>>>>
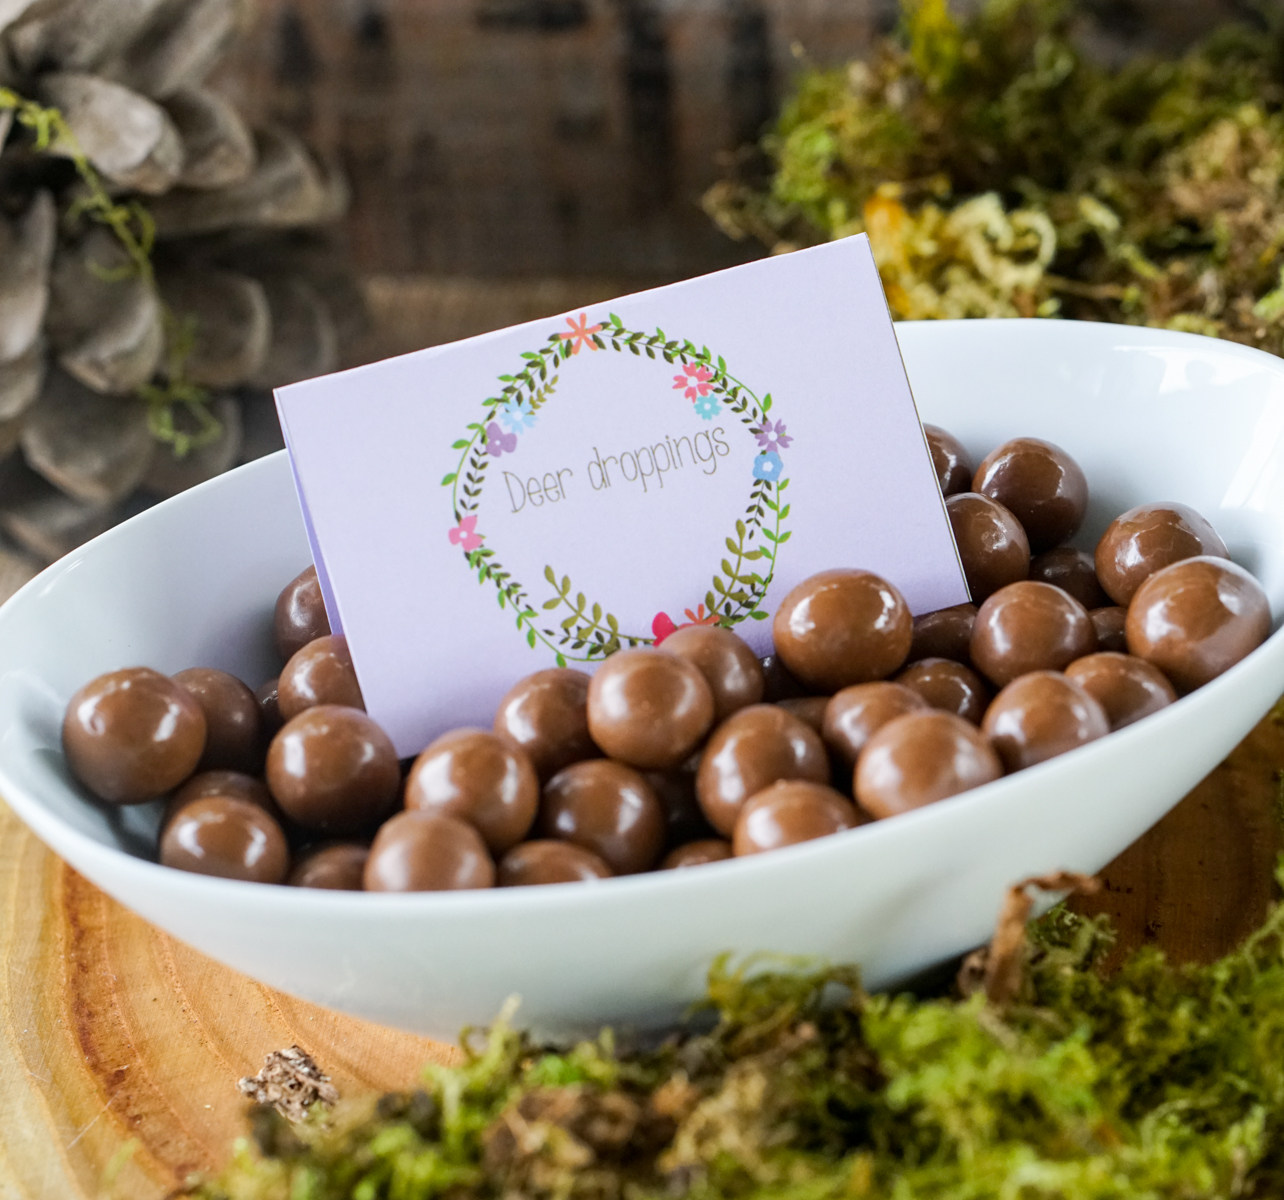 Boho Enchanted Forest Party Food Ideas of chocolate balls as Deer Droppings with a floral wreath food label
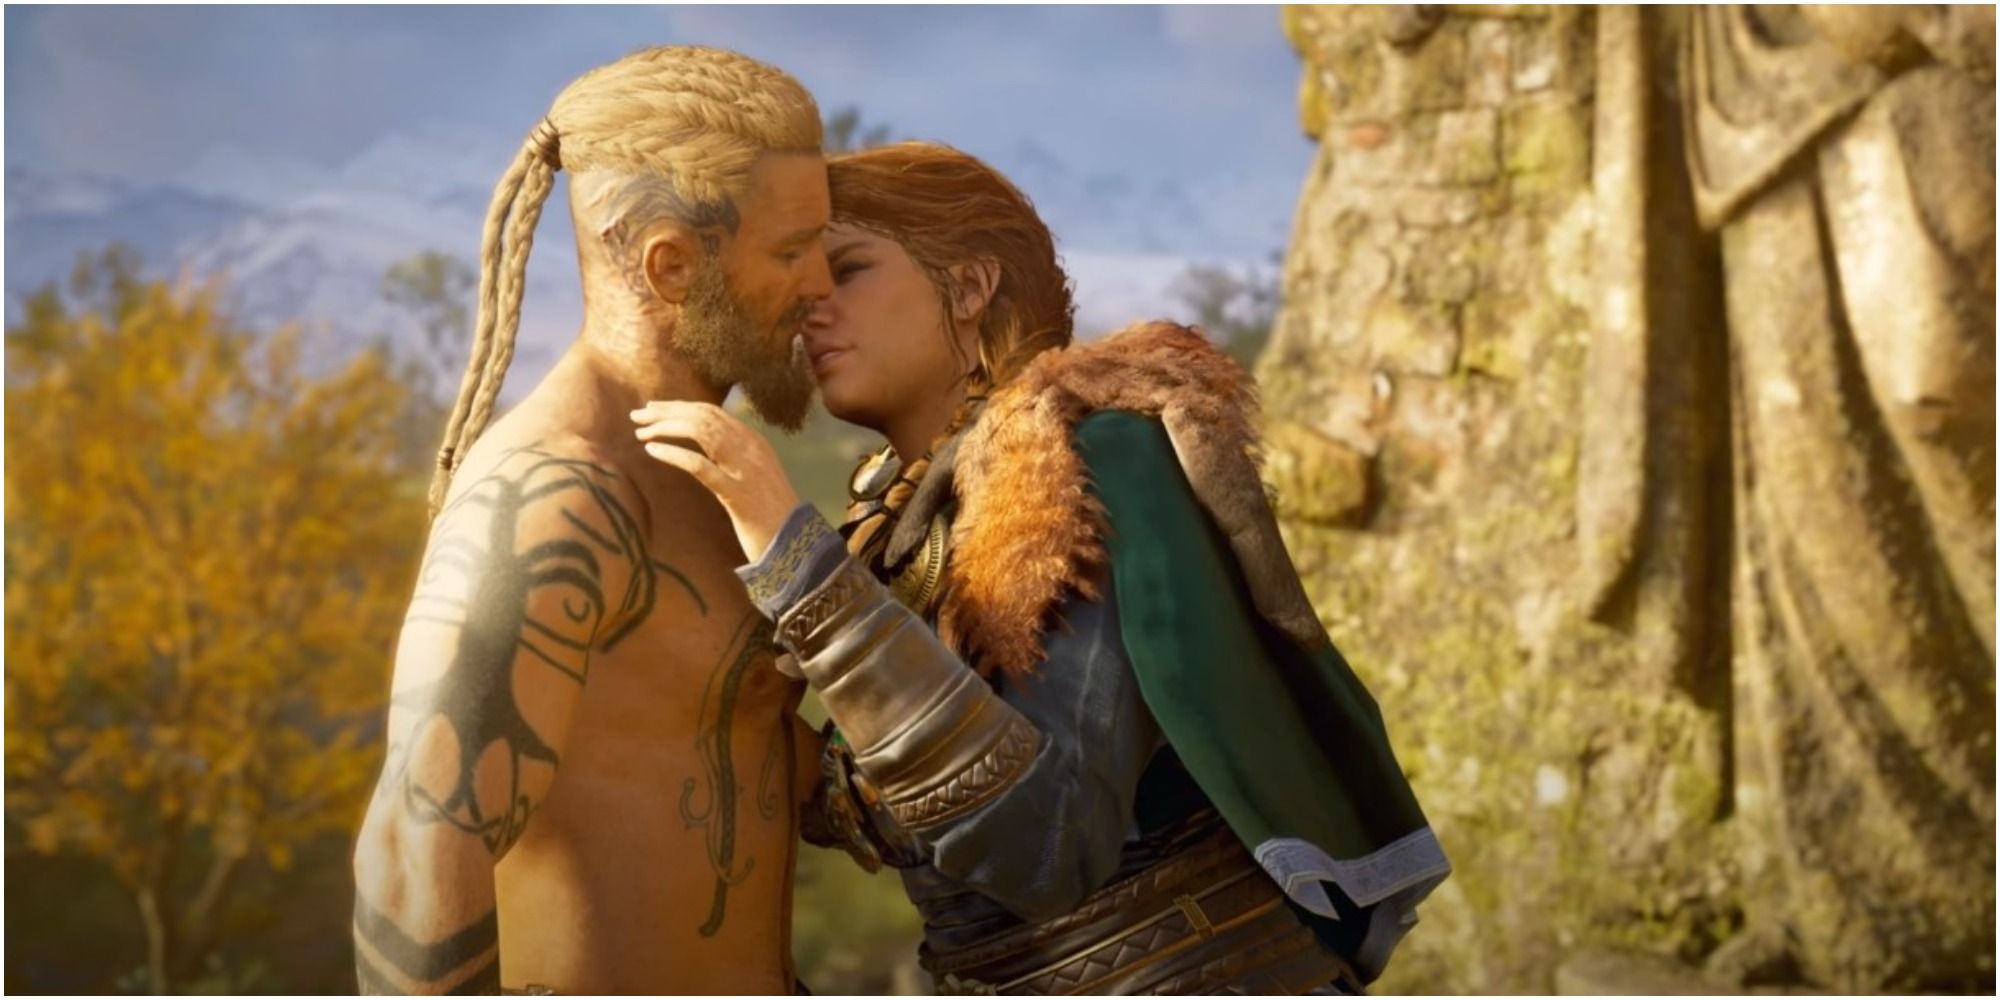 Assassin's Creed Valhalla Randvi And Eivor Kissing In The Ruins
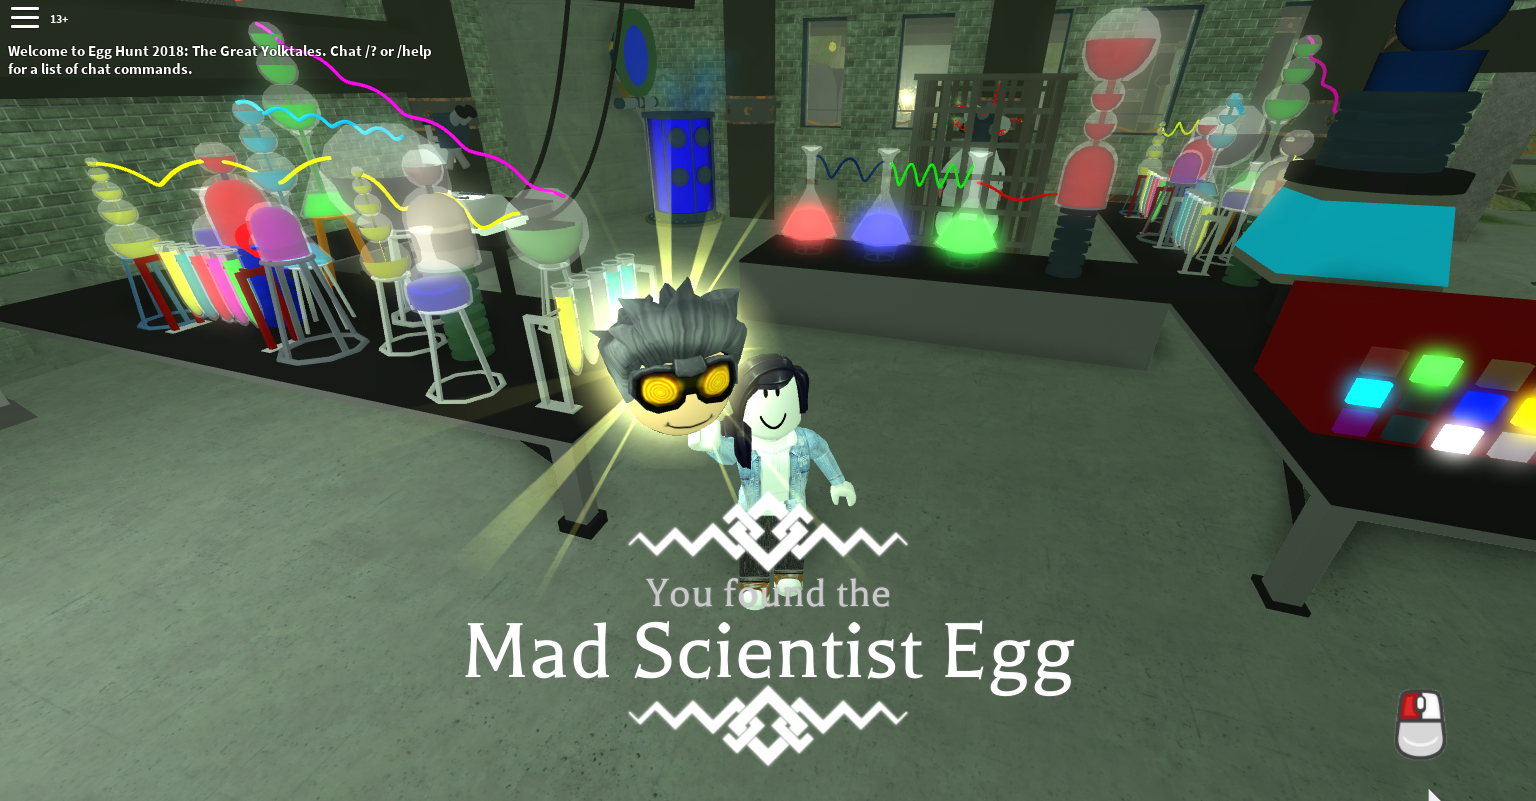 Aveyn S Blog Roblox Egg Hunt 2018 How To Find All The Eggs In Stein S Basement - hunting the alex egg roblox egg hunt 2018 solobengamer
<<<<
(EXERCISE):
Recopy the full listing exactly, passing over any picture.

(WRITTEN ANSWER):
 Boho Enchanted Forest Party Food Ideas of chocolate balls as Deer Droppings with a floral wreath food label
 Assassin's Creed Valhalla Randvi And Eivor Kissing In The Ruins
 Aveyn S Blog Roblox Egg Hunt 2018 How To Find All The Eggs In Stein S Basement - hunting the alex egg roblox egg hunt 2018 solobengamer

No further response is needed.